3DMark2001 is perhaps the first real representative benchmark application in their list, and despite being somewhat video card speed dependent, still shows low latency memory as coming out in front.

Aquamark, which is an almost wholly video card dependent benchmark, still shows a significant win to lower latency.

Quake 3, which is largely CPU dependent nowadays, shows a good benefit to lower latency, and the highly video card dependent UT2, still shows a win to low latency.

i.e. the only real tests there that show any real benefit are the extremely artificial bandwidth-only penis-measurement tests which do not reflect upon reality.

Working in transaction based applications as my real job where neither artificial bandwidth acceleration, nor L2 cache-bound scenarios exist, I can tell you that the benefits of using lower latency memory is quite extreme.

Sorry, the whole article seems to me to be more like an infomercial, with carefully chosen and crafted test conditions, and then in the conclusion talking about "beginners who just want something that works would do well with the `high speed' memory" as they're "easier to setup".

How hard is it to plug in a low latency memory stick as opposed to a high memory MHz stick, one needs to ask oneself.

Brians256
11-17-2003, 04:18 PM
On the other hand, Quake3 got a boost from the higher-bandwidth and worse latency system called Rambus. Was that not the case? Perhaps it was simply a different factor that caused the performance delta.

Cathar
11-17-2003, 07:42 PM
Originally posted by Brians256
On the other hand, Quake3 got a boost from the higher-bandwidth and worse latency system called Rambus. Was that not the case?

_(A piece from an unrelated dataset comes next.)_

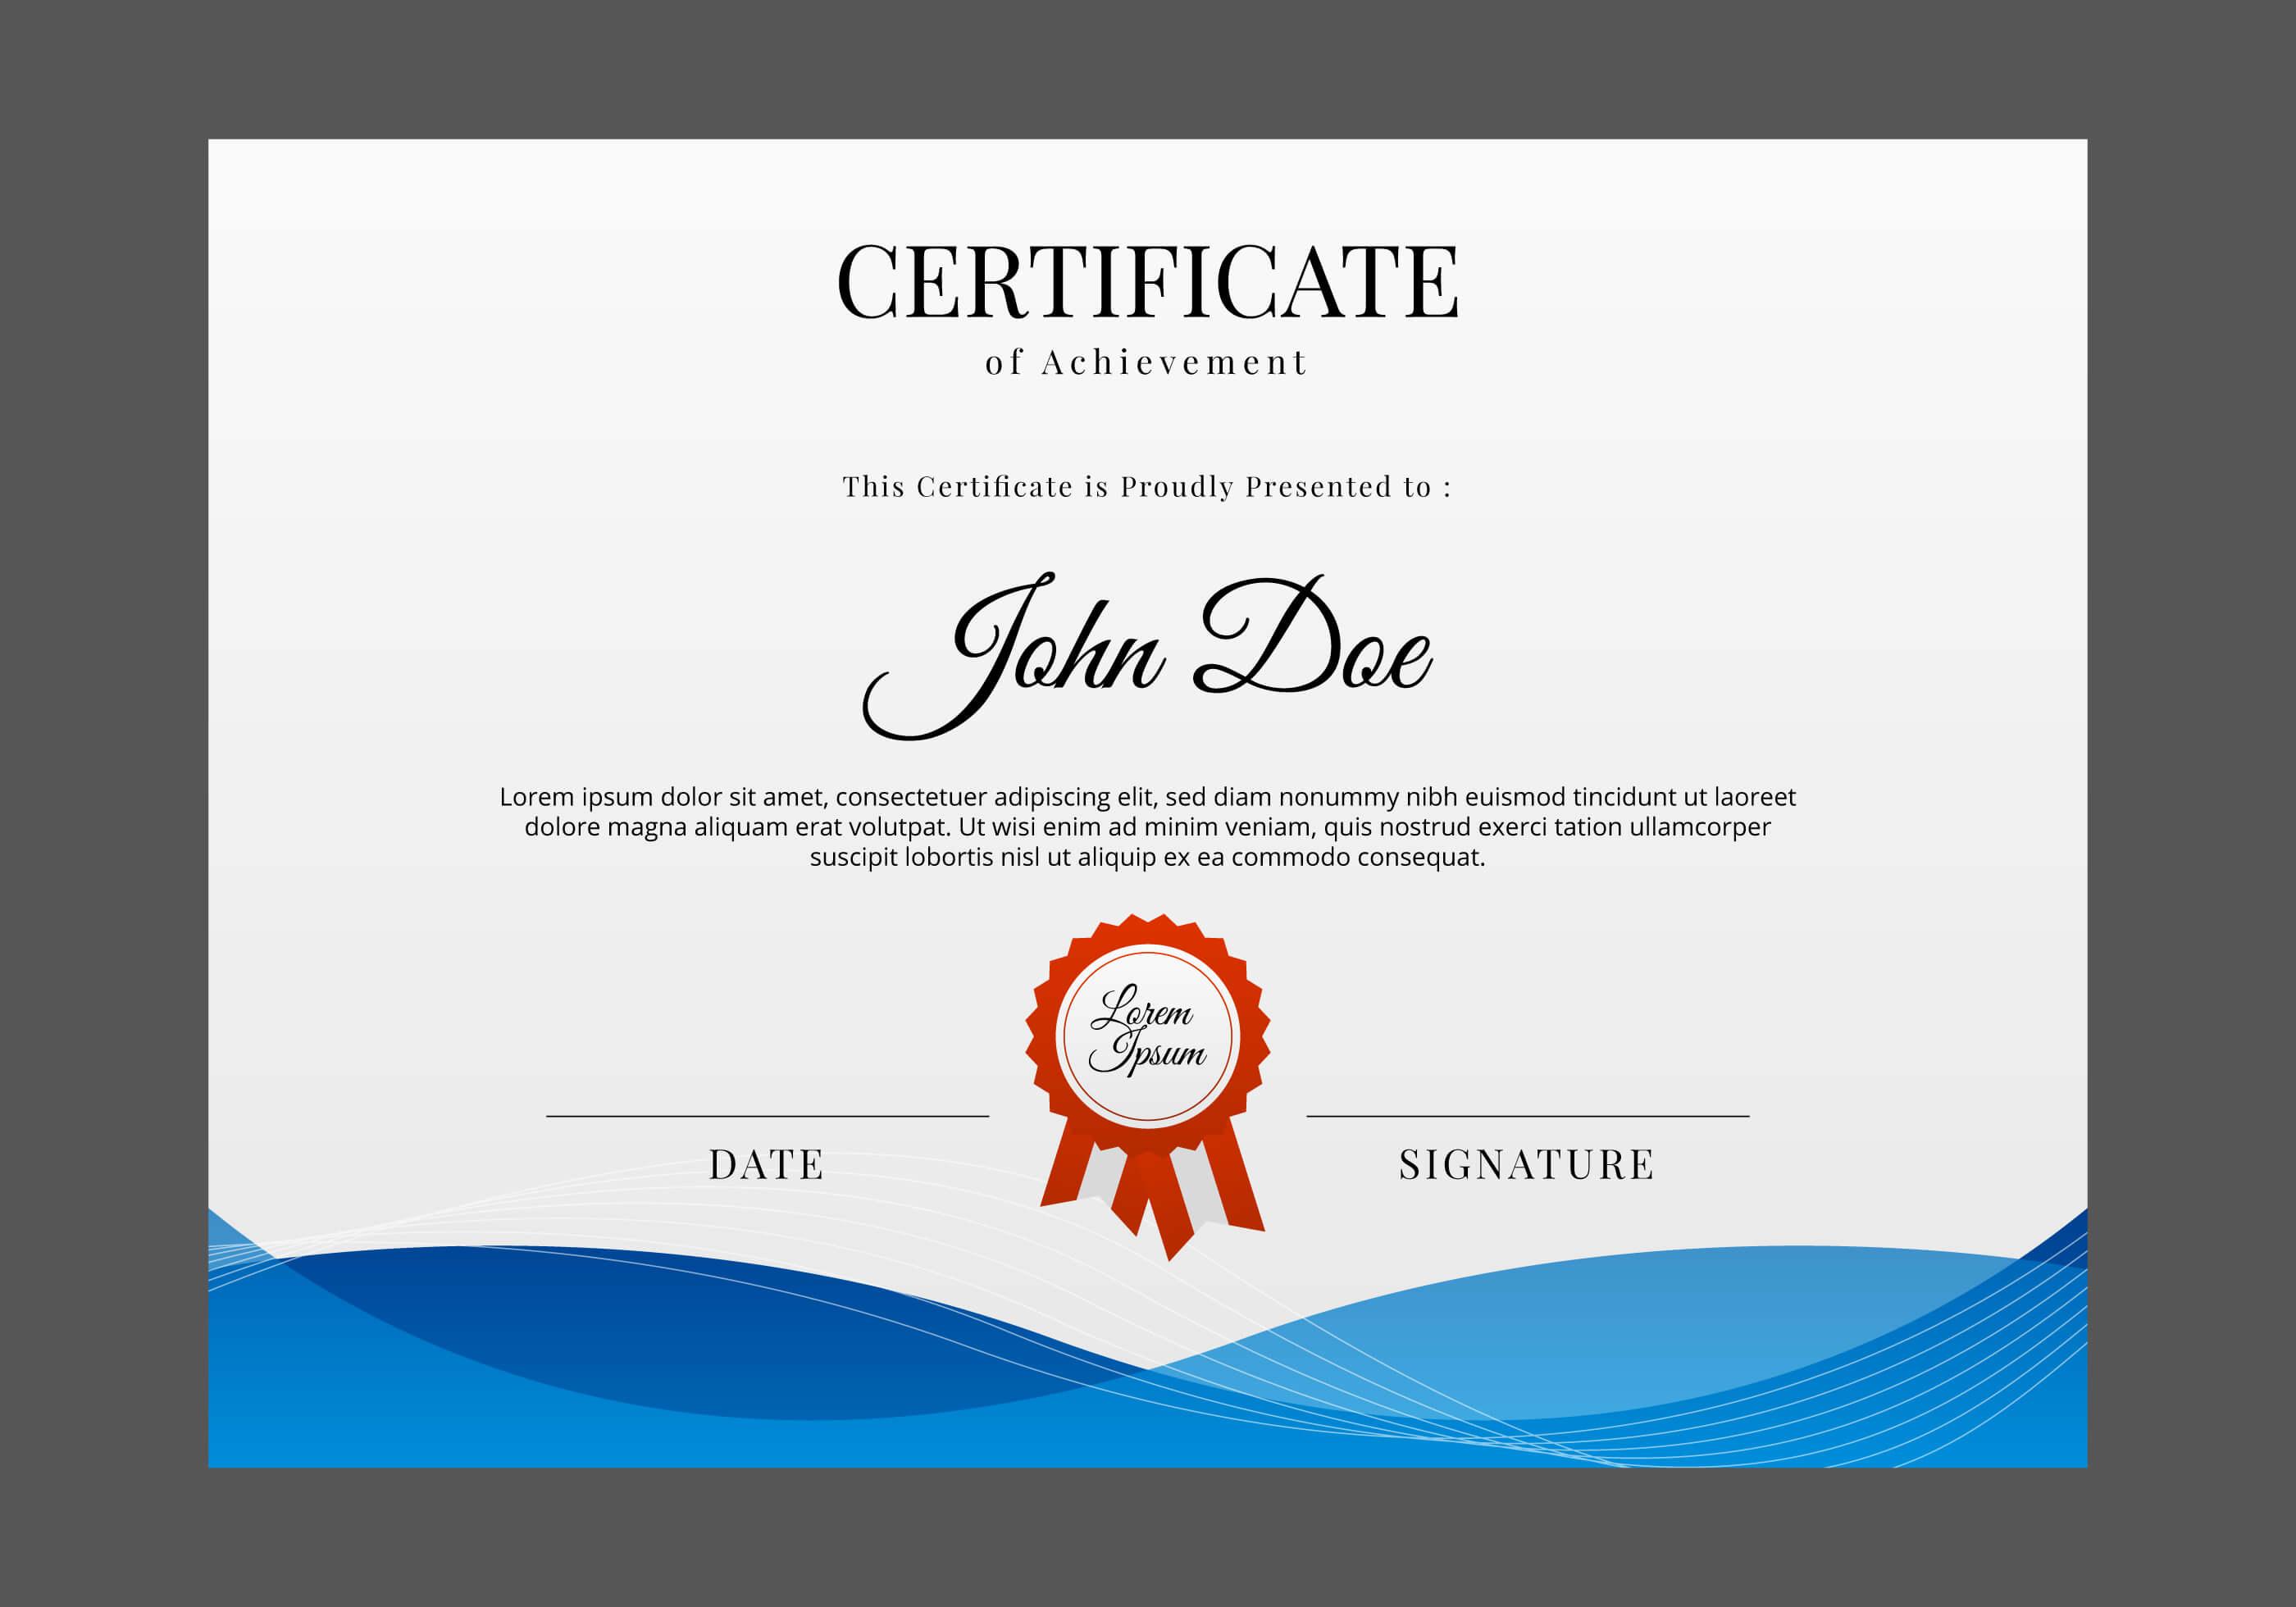 Certificate Design Free Vector Art - (10,209 Free Downloads) inside Design A Certificate Template

Perhaps it was simply a different factor that caused the performance delta.

If I remember rightly, those Rambus tests were done vs SDRAM with the SDRAM's latency timings set fairly high, just as one would expect to see when a company with a marketing agenda wants to push a product.

On a technical aspect, I have no real problem with RDRAM myself. It's actually a fairly good way to solve the issues that they were (and still are) trying to solve with SDRAM.

What is a little annoying though is the large amount of IP puffery that has somewhat stalled DRAM development as this area is a bit of a patent minefield.

I'm just waiting to see if IBM's MRAM technology becomes market ready in the next few years. A 6-fold reduction in latency over what we now see is a pretty nice thing to look forward to.